1

I was looking at a notebook someone posted for a Kaggle competition. They use lightgbm with the number of leaves set to 40. If I understand right, that's setting a limit on the size of the weak learners (decision trees) that are used in the boosting; the trees can't have more than 40 leaves.

However, after training, we see that the feature with the greatest feature importance is a categorical variable with 1000+ categories! If a branch were ever used in a decision tree for that variable, wouldn't it necessarily have at least 1000+ leaves?

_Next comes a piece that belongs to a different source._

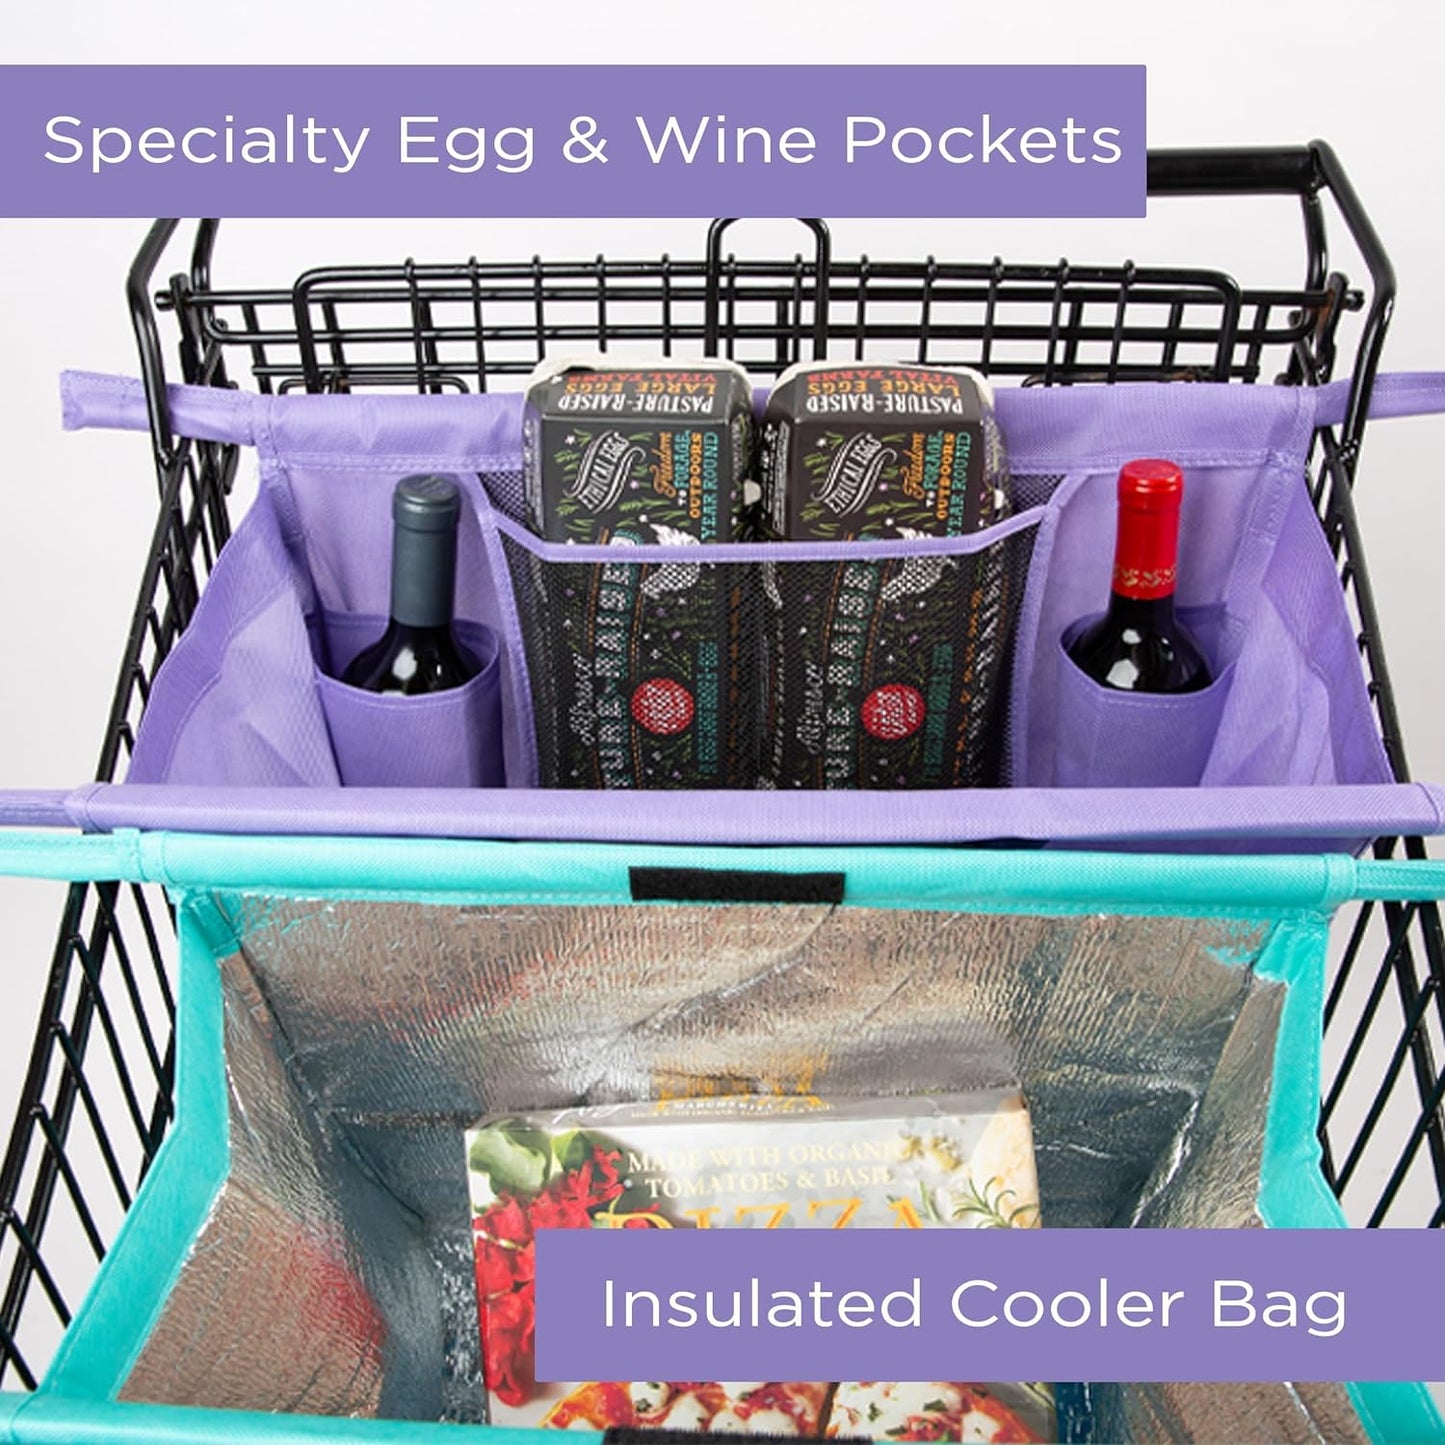 Grocery Store Reusable Easy Cart and Pack Set of 4 -W/Lrg COOLER Bag & Egg/Wine Holder! Reusable Grocery Cart Bags Sized for USA. Washable Eco-Friendly 4-Bag Grocery Tote.

How is this situation handled? When the number of leaves on the weak learners is smaller than the number of categories within one of the variables?

Nick Koprowicz
  • 213
  • 1
  • 3
  • 10

1 Answers1

1

There are different ways to include categorical features, and in many of them a single leaf can combine multiple categories:

  • With the label, target, or frequency encoding the categorical feature is effectively replaced by a numeric one, so a leaf can include multiple original categories naturally. Conversely, any numeric feature can be thought of as an ordinal categorical feature with an infinite number of possible values.
  • With the hash or binary encoding a single bit is activated for different categories, grouping them together.
  • LightGBM also supports categorical features natively. If they are marked in the configuration, LightGBM will consider various ways to partition all the categories of a given feature into two subsets.
  • If the one-hot encoding is used, LightGBM can choose to combine multiple categories via the Exclusive Feature Bundling (EFB) algorithm. It is discussed in a related question.

Finally, it is also possible that only a few out of these 1000+ categories are really important (in reality or only seemingly due to overfitting).

Andrey Popov
  • 321
  • 1
  • 5